**HOW TO COMPLETE THIS TASK**
Print the data below again in full, exactly as it stands, with no images.

**DATASET CONTENT**
☆ ☆ ☆
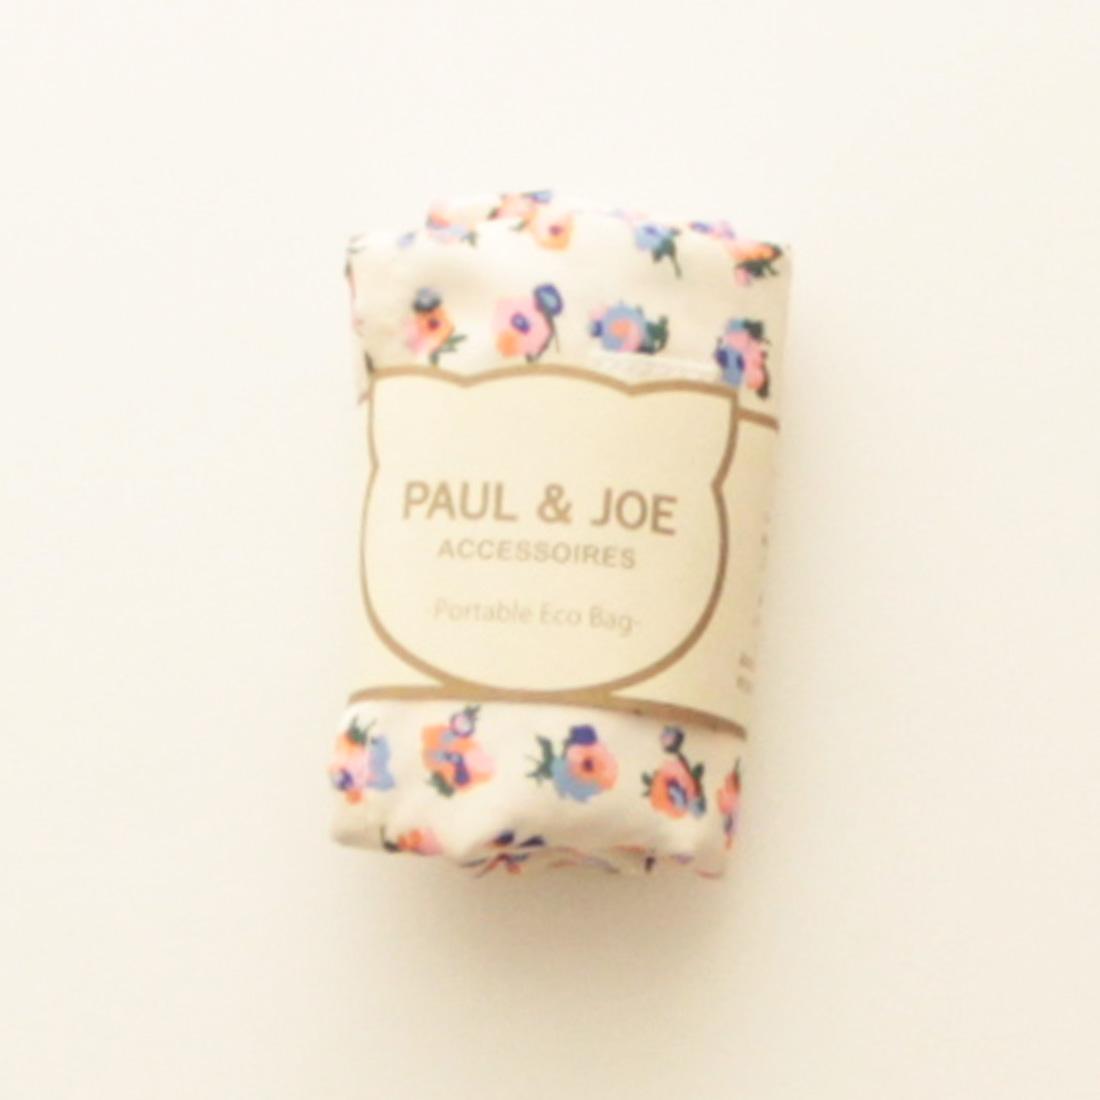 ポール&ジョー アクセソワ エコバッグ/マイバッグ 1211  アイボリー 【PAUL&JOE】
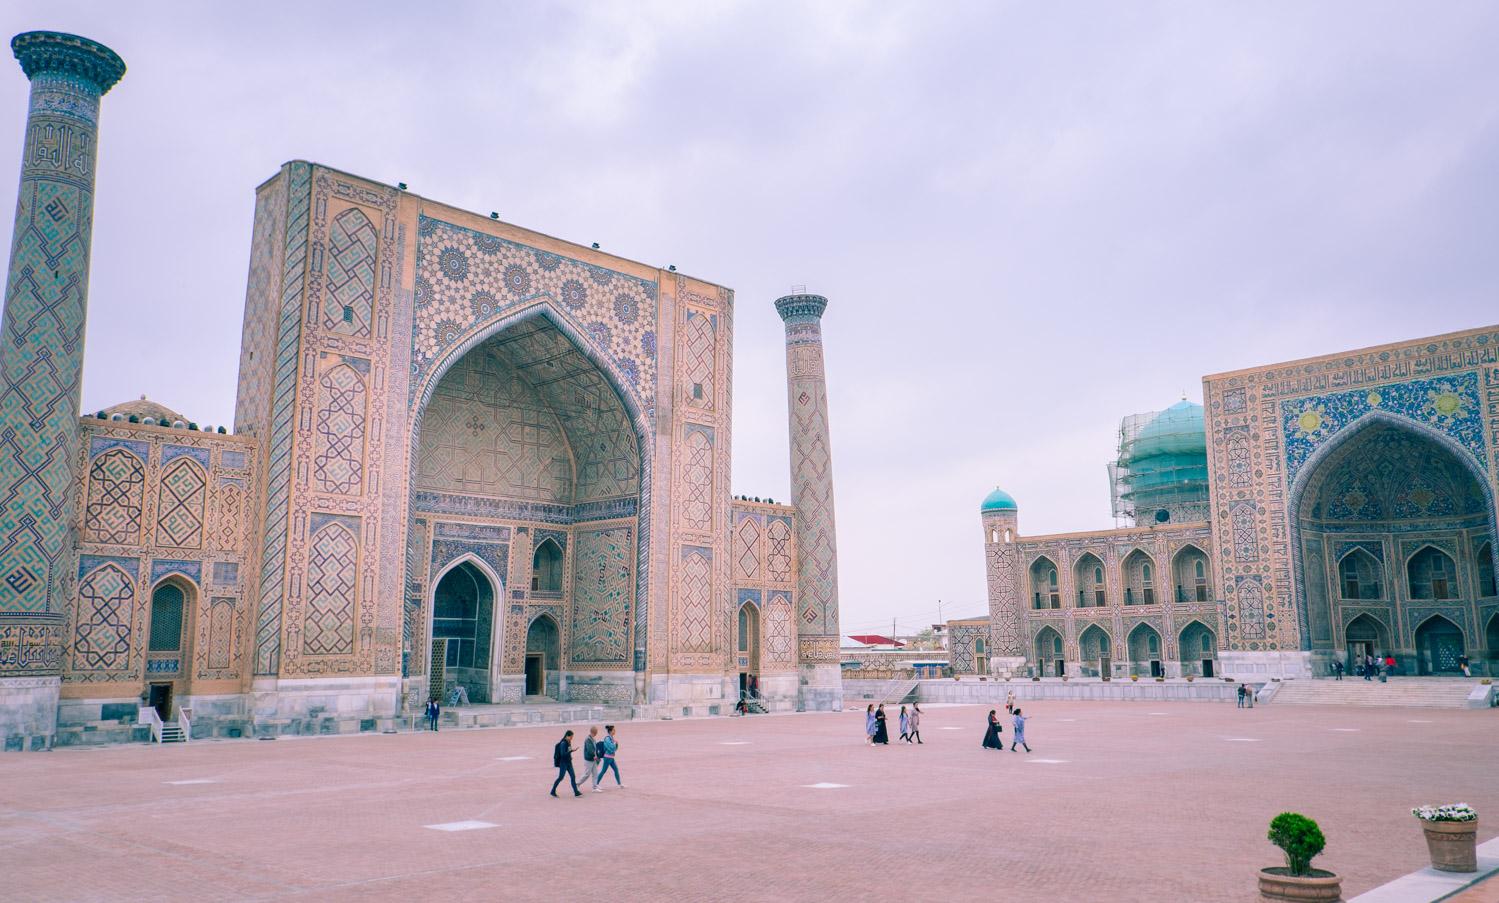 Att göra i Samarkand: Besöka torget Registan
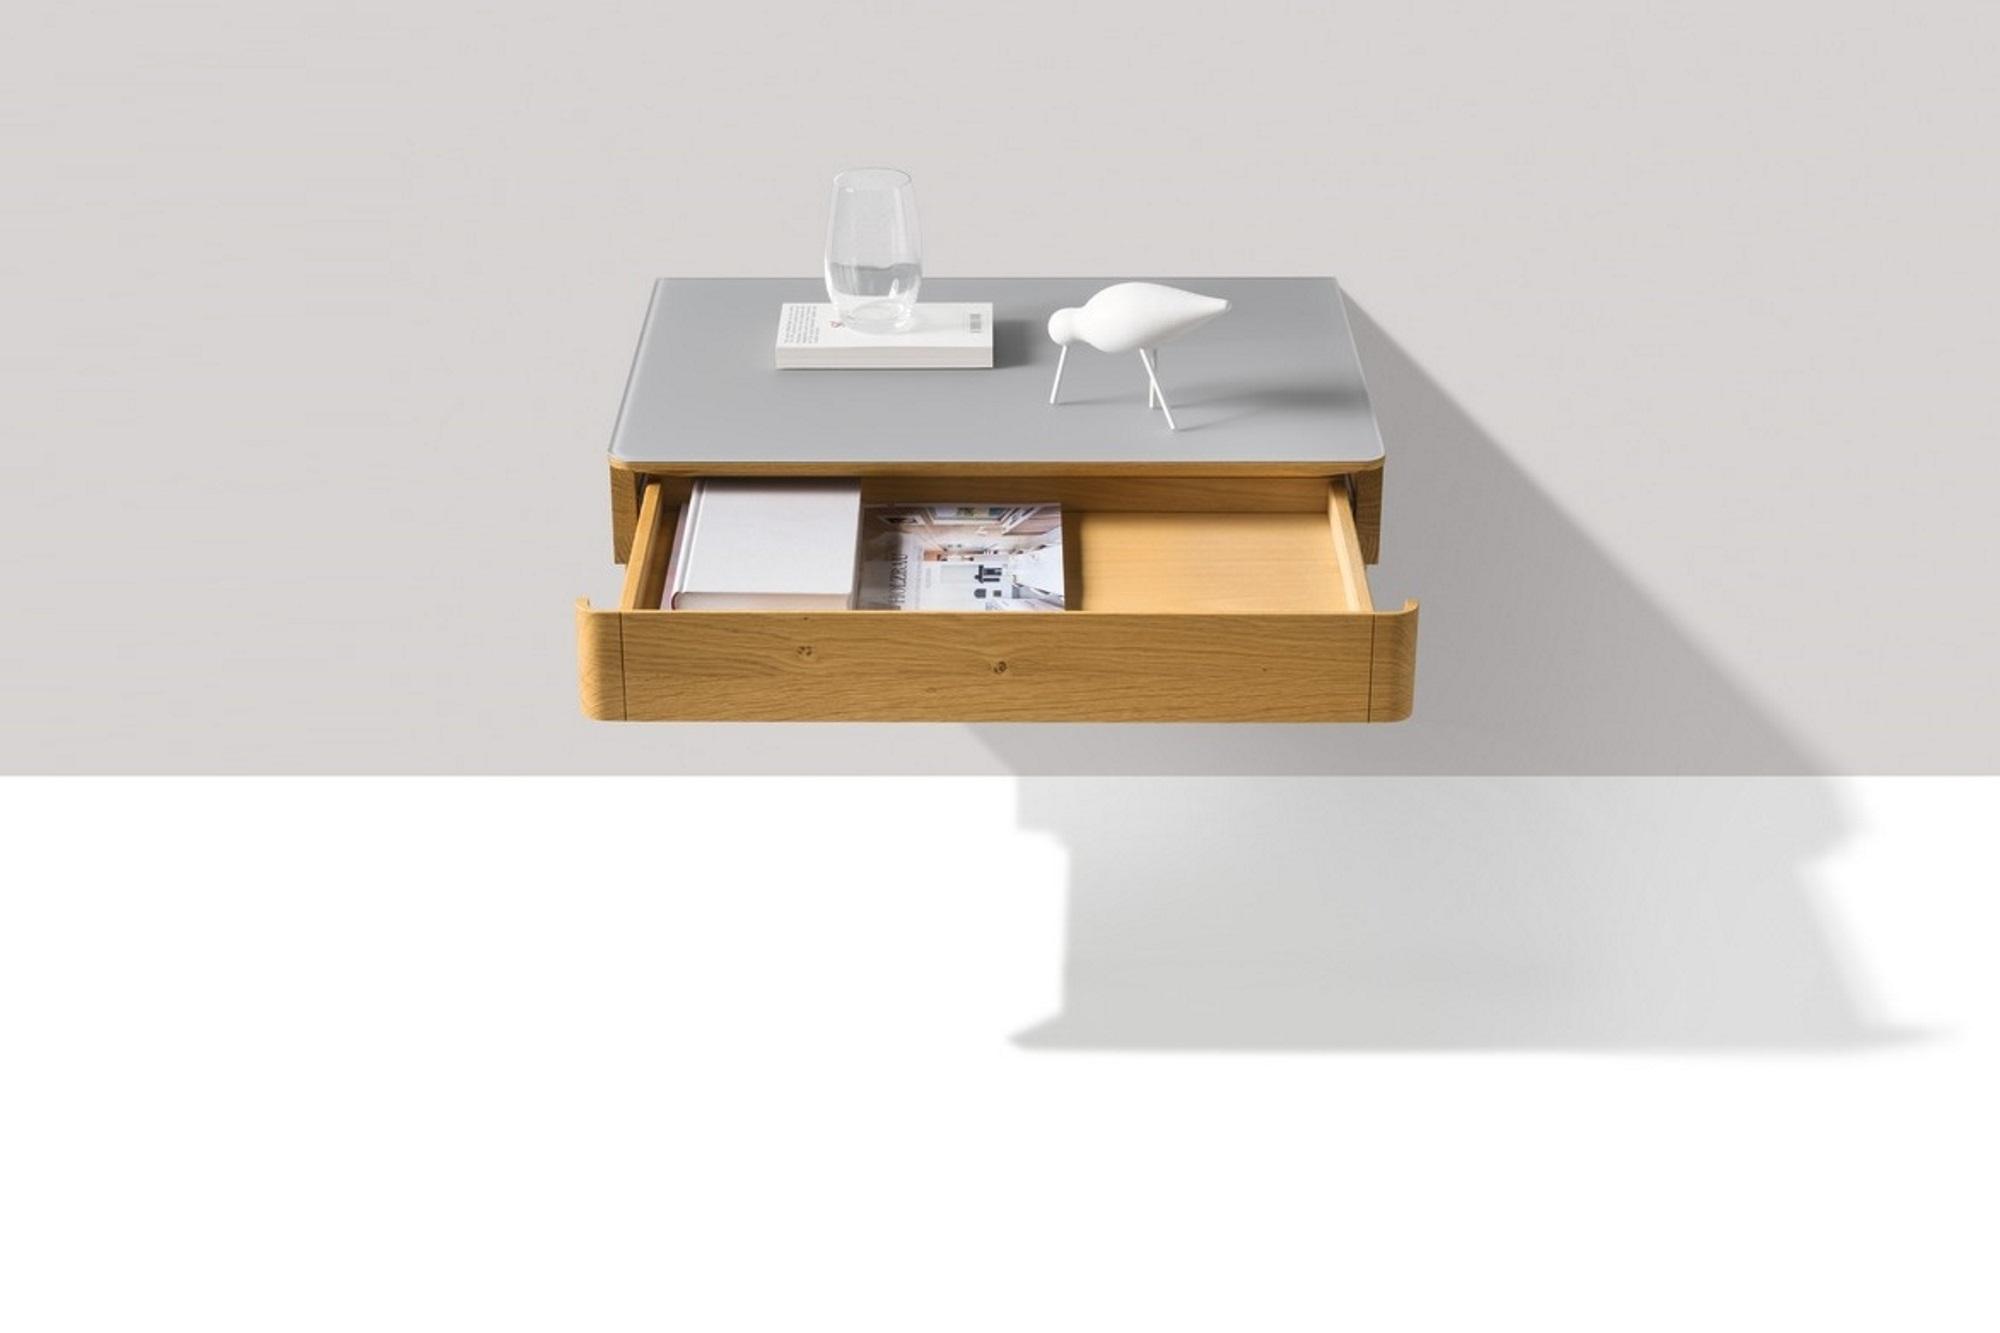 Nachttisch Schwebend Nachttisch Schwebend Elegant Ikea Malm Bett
☆ ☆ ☆
**ANSWER SPACE**
 ポール&ジョー アクセソワ エコバッグ/マイバッグ 1211  アイボリー 【PAUL&JOE】
 Att göra i Samarkand: Besöka torget Registan
 Nachttisch Schwebend Nachttisch Schwebend Elegant Ikea Malm Bett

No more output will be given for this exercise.